In order to improve the exhaust gas performance, internal combustion engines which conduct exhaust gas recirculation (EGR) are provided with exhaust gas recirculating passage members for recirculating the exhaust gas from the exhaust side to the intake side.

As one example of the exhaust gas recirculating passage, there is a passage defined by an exhaust gas recirculating pipe (EGR pipe) disposed so as to pass beside a cylinder row end of the engine body or over the cylinder head cover, communicating the passage defined by the intake manifold with the passage defined by the exhaust manifold (for example, see Japanese patent application publication No. H8-218950). Another example of the exhaust gas recirculating passage is a passage with its main part being an internal passage passing through the cylinder head from the intake side to the exhaust side (for example, see Japanese patent application publication H11-82185).

In the configuration where the EGR pipe is disposed so as to pass beside the cylinder row end of the engine body, the exhaust gas recirculating passage becomes longer, and thus the temperature decrease of the exhaust gas passing through the exhaust gas recirculating passage (EGR gas) becomes greater, which leads to decrease in combustion temperature, thereby deteriorating combustion of the internal combustion engine.

In the configuration where the EGR pipe passes over the cylinder head cover, compared with the configuration where the EGR pipe passes beside the cylinder row end of the engine body, the length of the exhaust gas recirculating passage can be configured to be shorter, thereby preventing decrease in the temperature of the EGR gas passing through the exhaust gas recirculating passage.

In this configuration, however, since there are many plastic members with low heat resistance disposed on the cylinder cover such as air cleaner and intake tube, when the EGR pipe gets heated, these members disposed on the cylinder head cover will be exposed to the heat of the exhaust gas passing the EGR pipe, and thus their durability and performance will deteriorate. Therefore, members disposed near the EGR pipe will be damaged by heat. In addition, this configuration requires a space for disposing EGR pipe, thereby limiting the freedom degree of the layout of the frontal part of the vehicle.

On the other hand, if the main part of the exhaust gas recirculating passage is an internal passage passing through the cylinder head from the intake side to the exhaust side, the length of the exhaust gas recirculating passage can be configured to be shorter, however, during cold start-warm up process there is a risk that the EGR gas may be excessively cooled by the cylinder head which is cooled and has a large heat capacity. This will lead to decrease in combustion temperature, thereby deteriorating combustion quality of the internal combustion engine.

The problem that this invention proposes to solve is to prevent the EGR gas from being excessively cooled while reducing the length of the exhaust gas recirculating passage member (EGR pipe), and to prevent members disposed near the exhaust gas recirculating passage member from being damaged by heat.

The internal combustion engine according to the present invention, comprises an engine body defining a plurality of cylinders, an intake passage member provided on an intake side of the engine body defined on one side of the engine body with respect to a cylinder row direction, an exhaust passage member provided on an exhaust side of the engine body defined on the other side of the engine body with respect to the cylinder row direction, and an exhaust gas recirculating passage member communicating a passage defined by the intake passage member with a passage defined by the exhaust passage member so as to recirculate exhaust gas from the exhaust side to the intake side, wherein the engine body includes an overhang projecting from a cylinder row end thereof and extending from the intake side to the exhaust side, and wherein the exhaust recirculating passage member is disposed in a space defined under the overhang with a gap defined between the exhaust gas recirculating passage member and the cylinder row end of the engine body.
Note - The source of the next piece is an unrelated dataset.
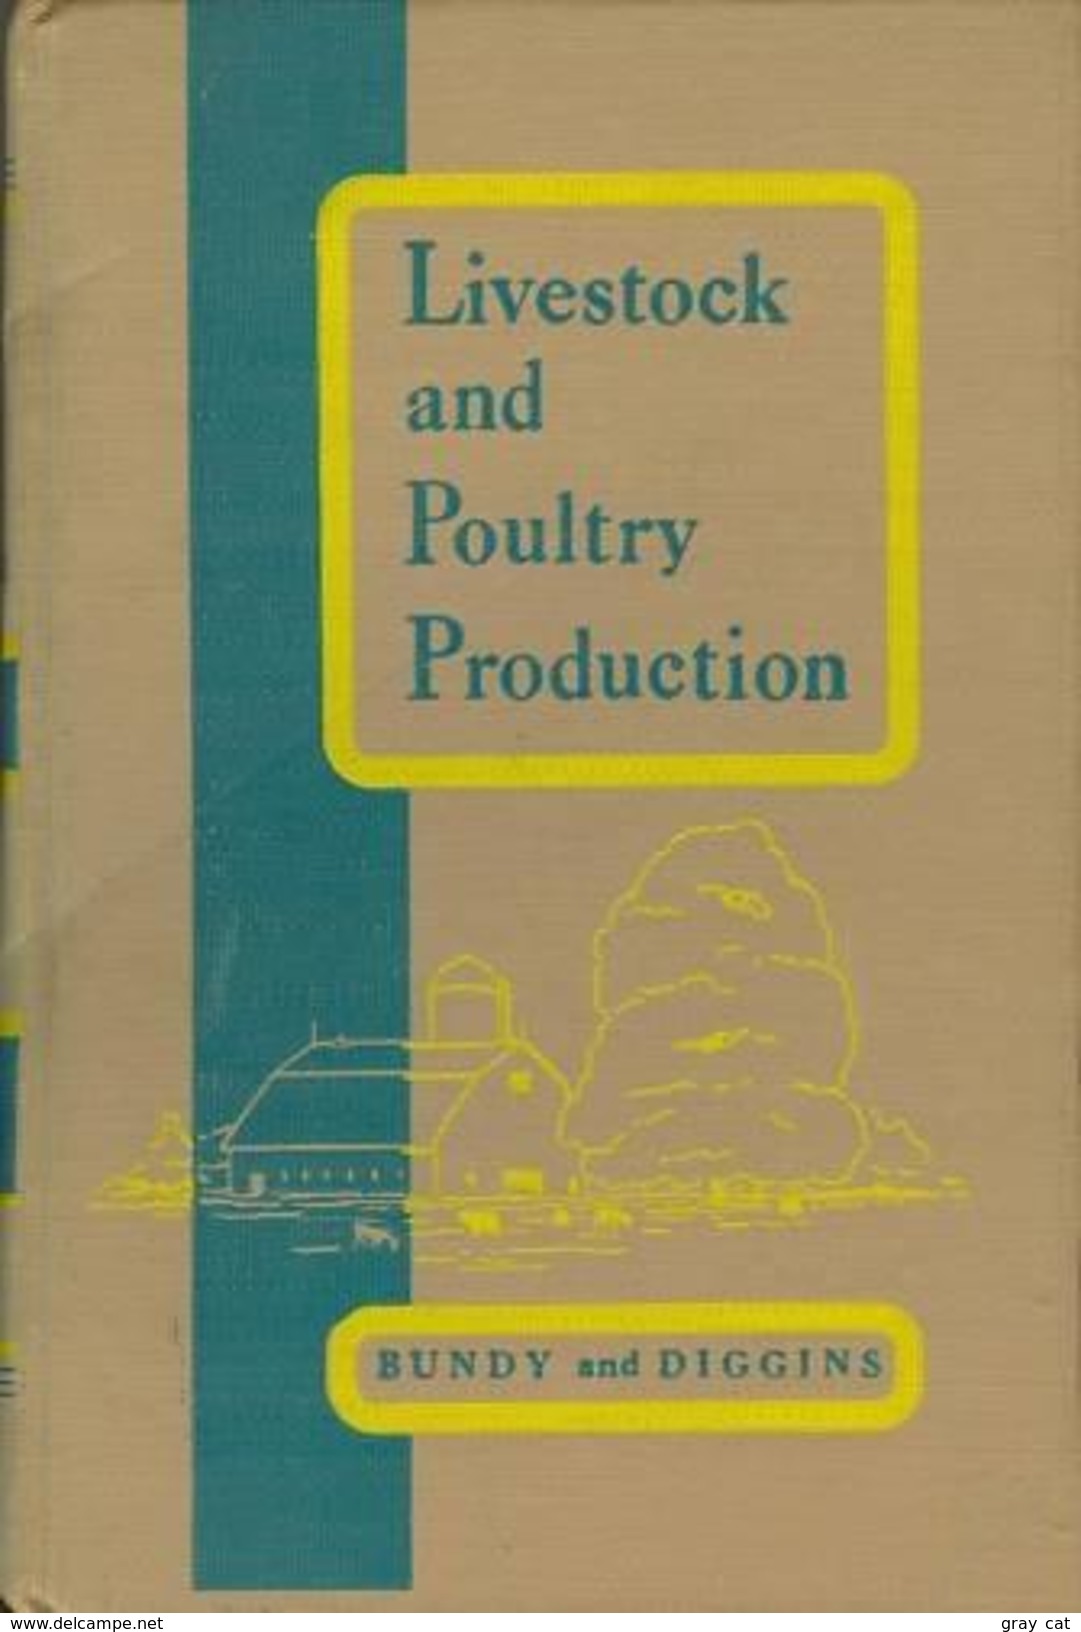 Livestock And Poultry Production: Principles And Practices By Clarence E. Bundy & Ronald V. Diggins - 1950-Maintenant
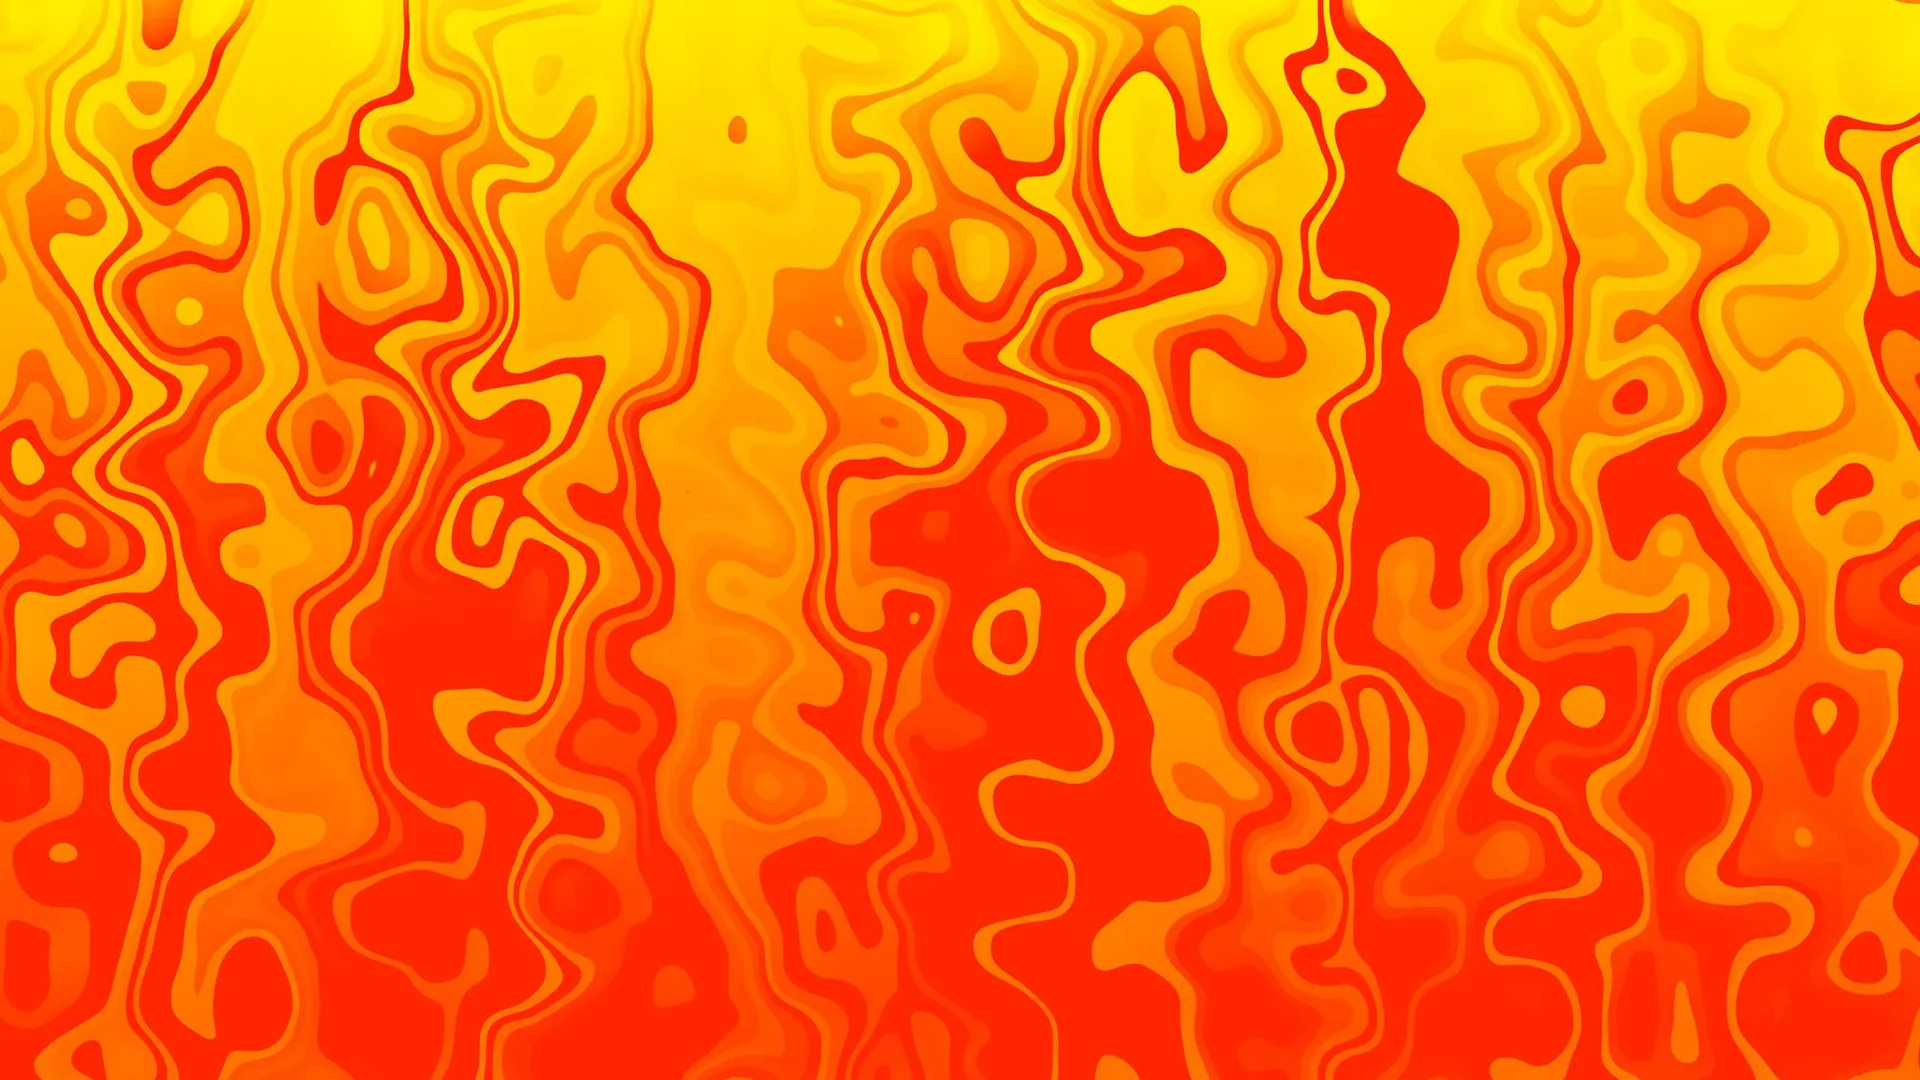 liquid, vortices, turbulence, red, yellow

In the internal combustion engine according to the present invention, the exhaust gas recirculating passage member has a non-facing side not facing the cylinder row end of the engine body or a wall of the overhang, and the internal combustion engine further comprises a heat shield plate covering the non-facing side without touching the same.

In the internal combustion engine according to the present invention, preferably, the heat shield plate is attached to the overhang at an upper end thereof, and extends downward therefrom so as to define a passage accommodating space through which the exhaust gas recirculating passage member passes, the passage accommodating space including the space defined under the overhang.

In the internal combustion engine according to the present invention, preferably, the cylinder row end of the engine body is provided with a fuel pump mounting surface at a position higher than an attachment site where the heat shield plate is attached to the overhang, and the heat shield plate defines a passage accommodating space and extends so as to spatially separate the fuel pump mounting surface from the exhaust gas recirculating passage member.

In the internal combustion engine according to the present invention, the cylinder row end of the engine body is provided with a rib projecting in a same direction as a projecting direction of the overhang at a position higher than the attachment site where the heat shield plate is attached to the overhang and lower than the fuel pump mounting surface.

In the internal combustion engine according to the present invention, preferably, an edge of the rib is disposed more outward than the attachment site where the heat shield plate is attached to the overhang.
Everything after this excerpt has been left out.